DESCRIPTION OF THE TASK
Reproduce the listing in full, pictures excluded.

INFORMATION SUPPLIED: Begin

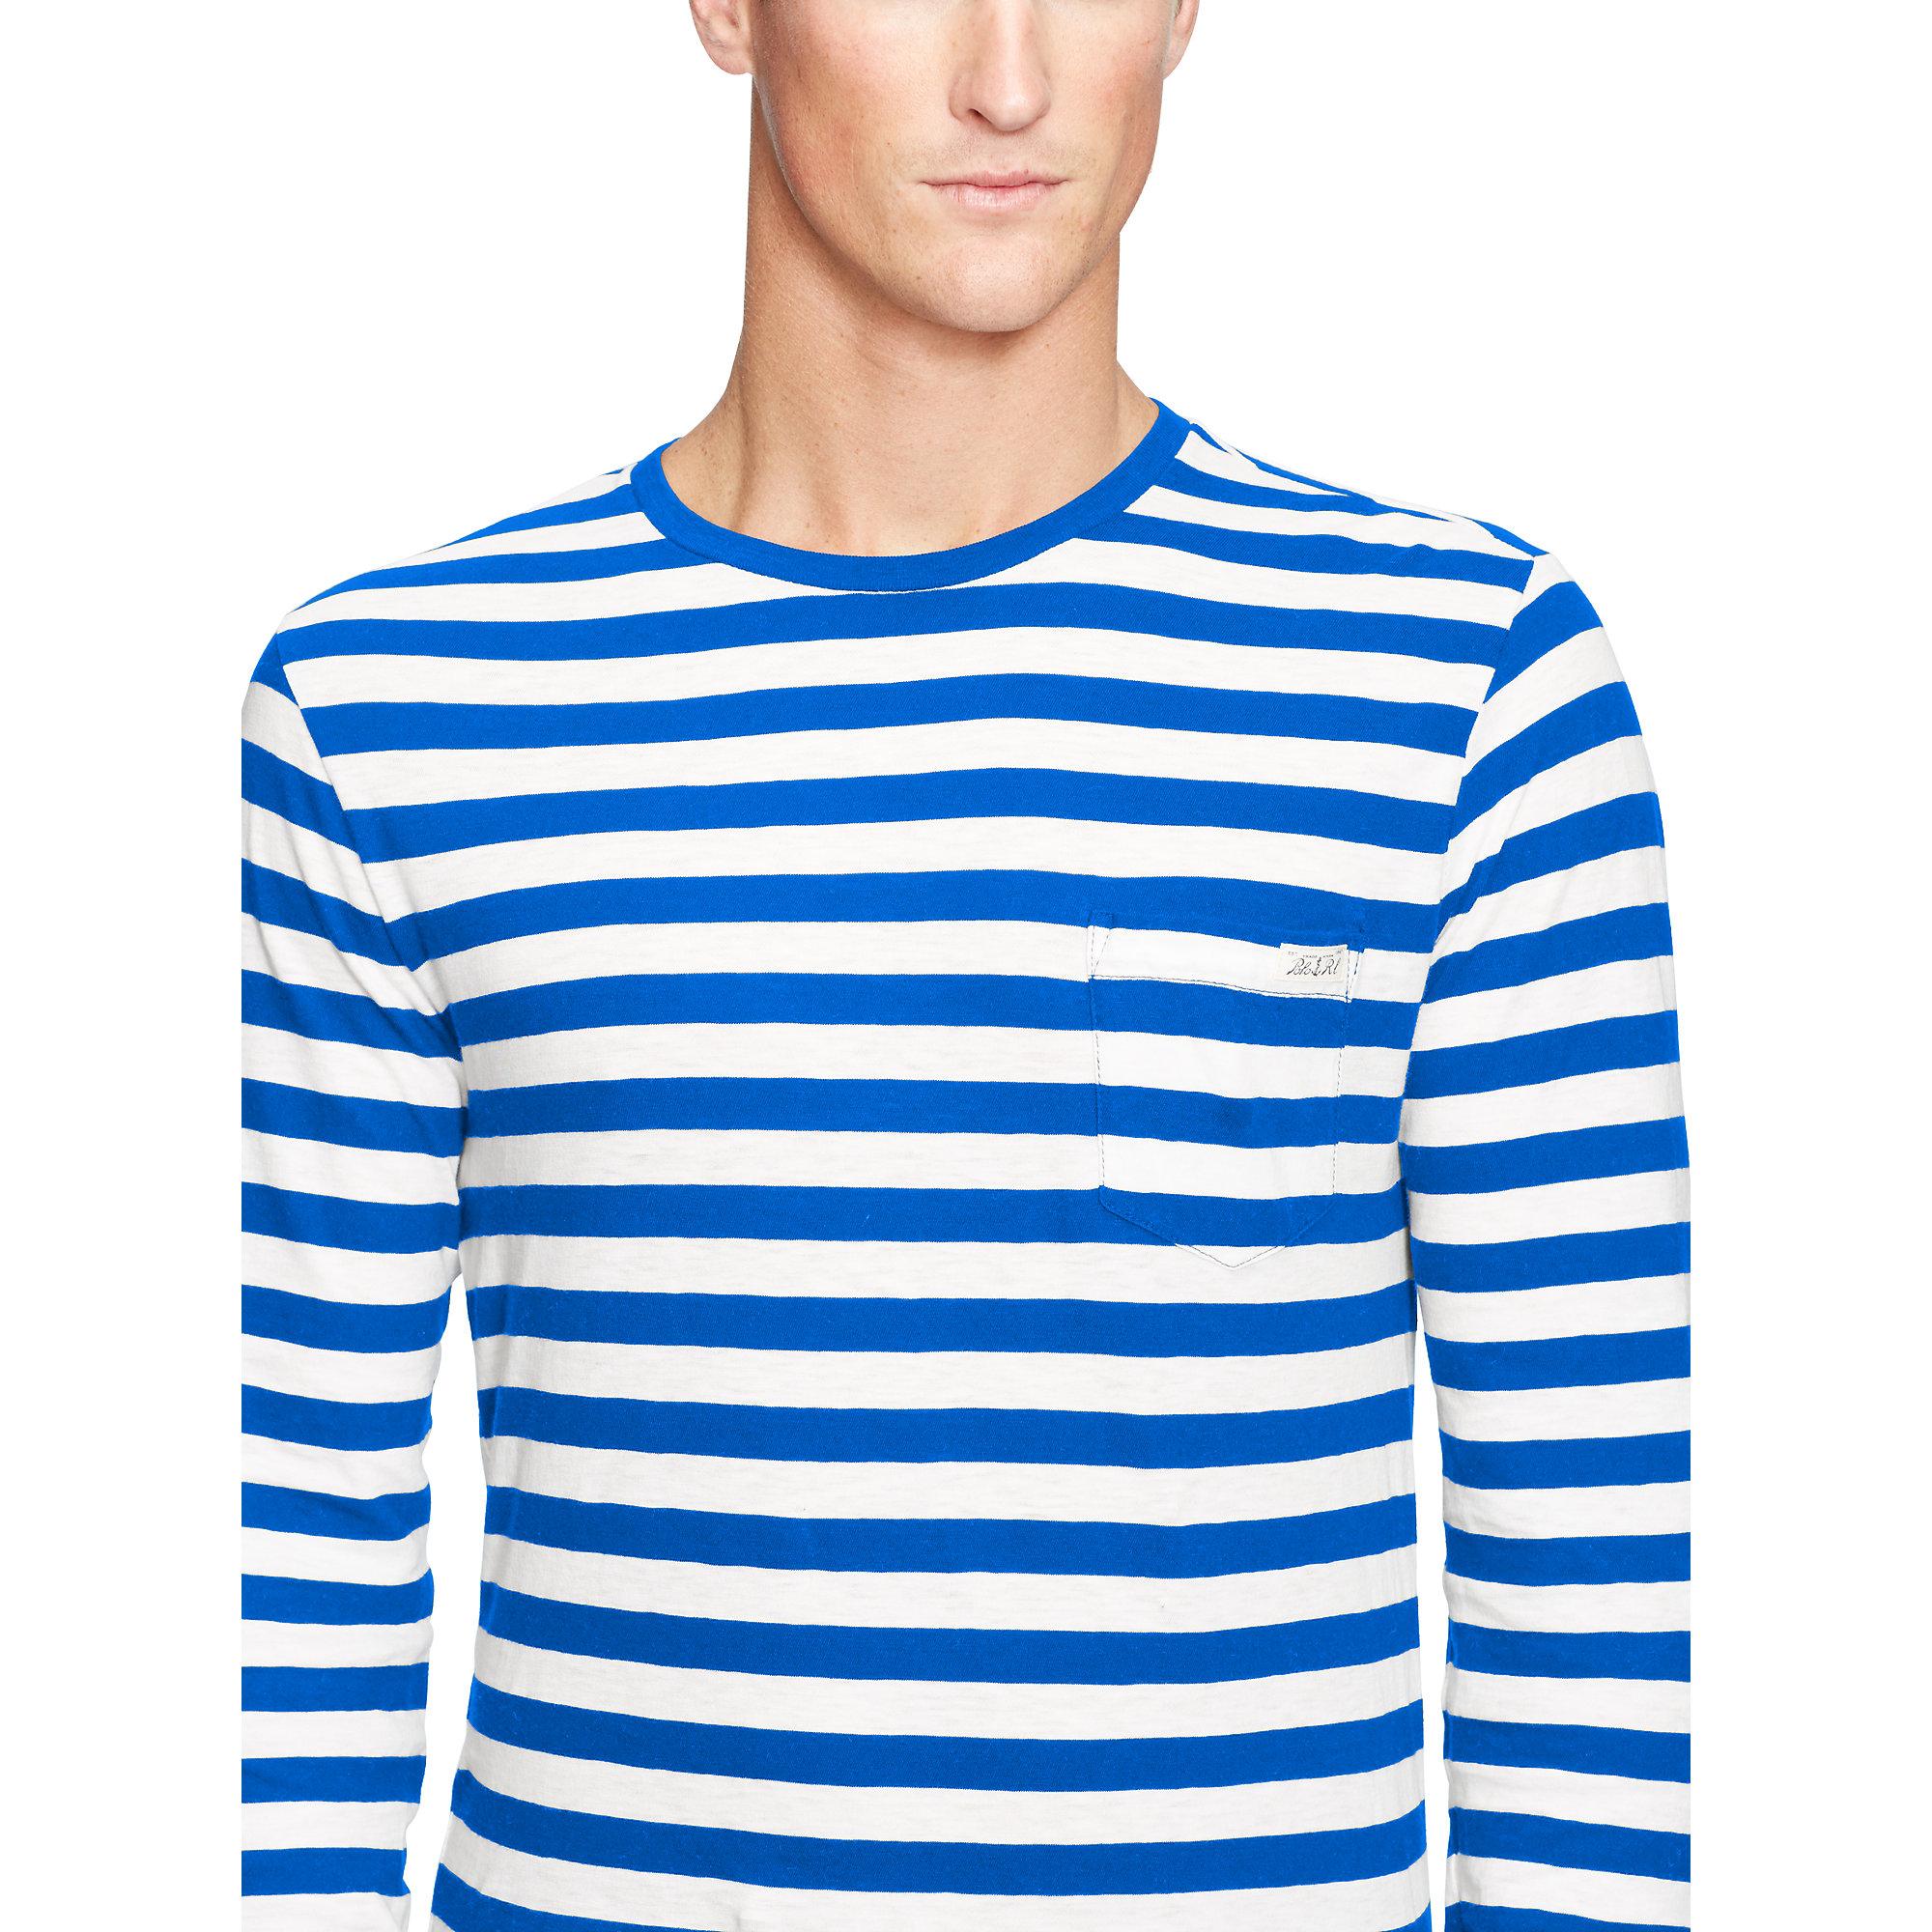 Polo ralph lauren striped long sleeved t shirt in blue for for Blue and white striped long sleeve t shirt
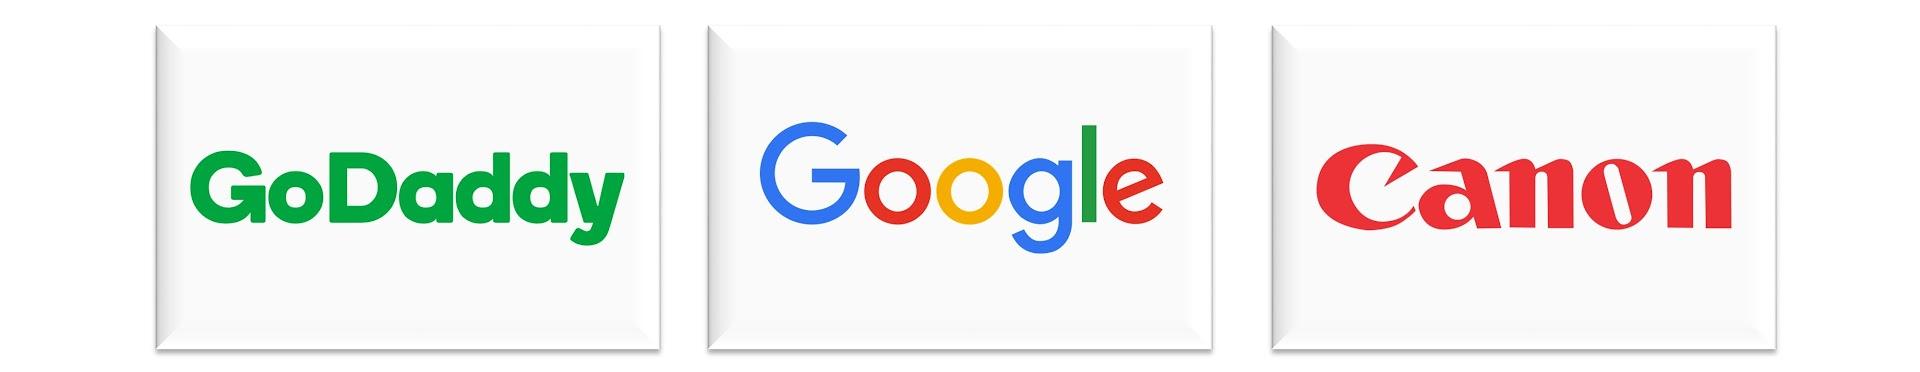 logo-Sans-serif-fonts
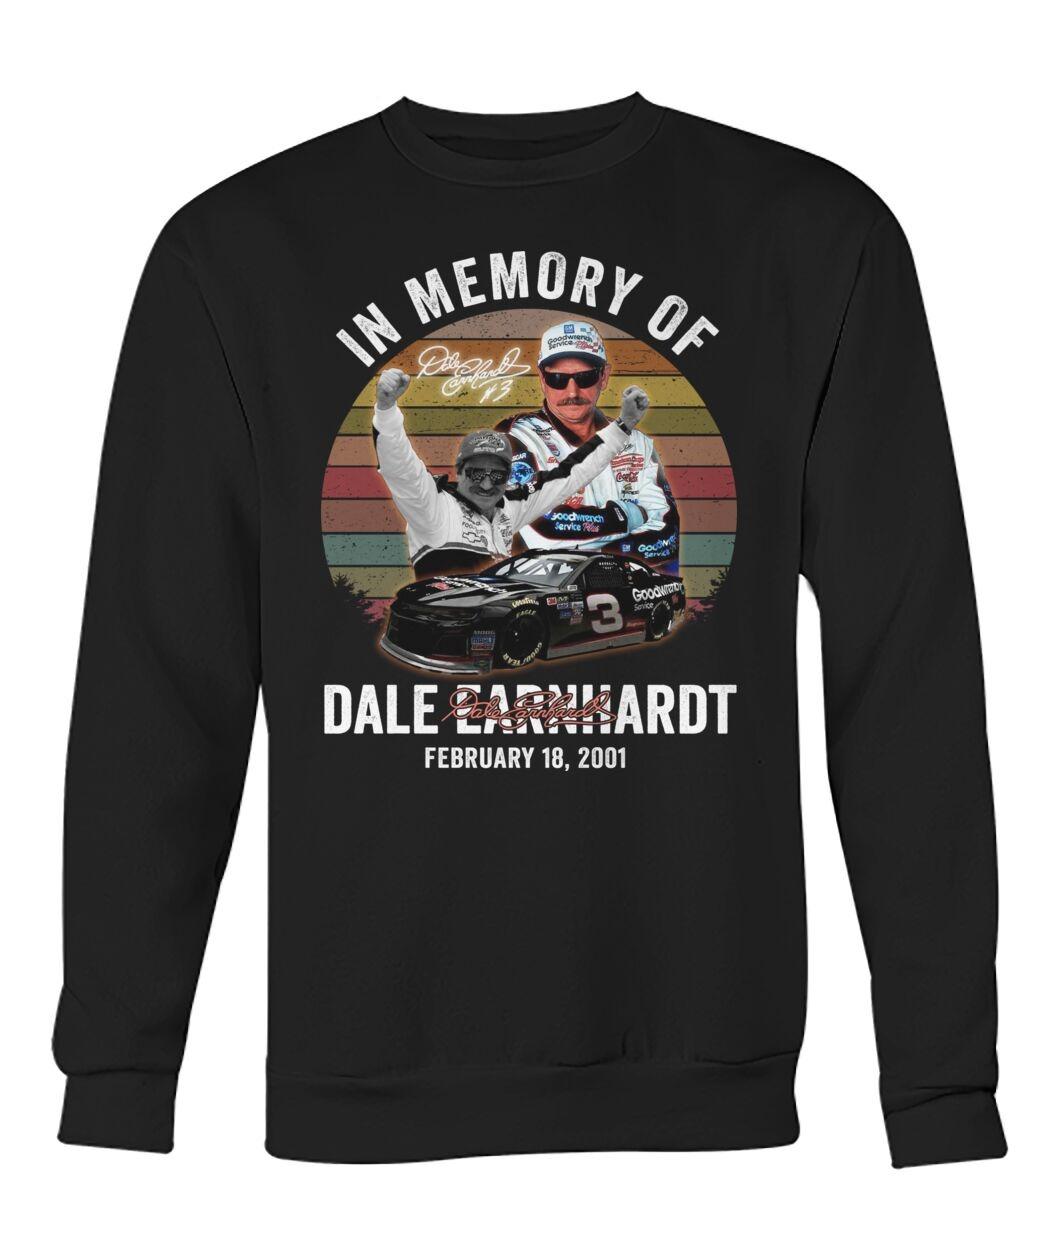 In Memory Of Dale Earnhardt February 18 2001 Sweatshit

INFORMATION SUPPLIED: End

WRITTEN ANSWER
 Polo ralph lauren striped long sleeved t shirt in blue for for Blue and white striped long sleeve t shirt
 logo-Sans-serif-fonts
 In Memory Of Dale Earnhardt February 18 2001 Sweatshit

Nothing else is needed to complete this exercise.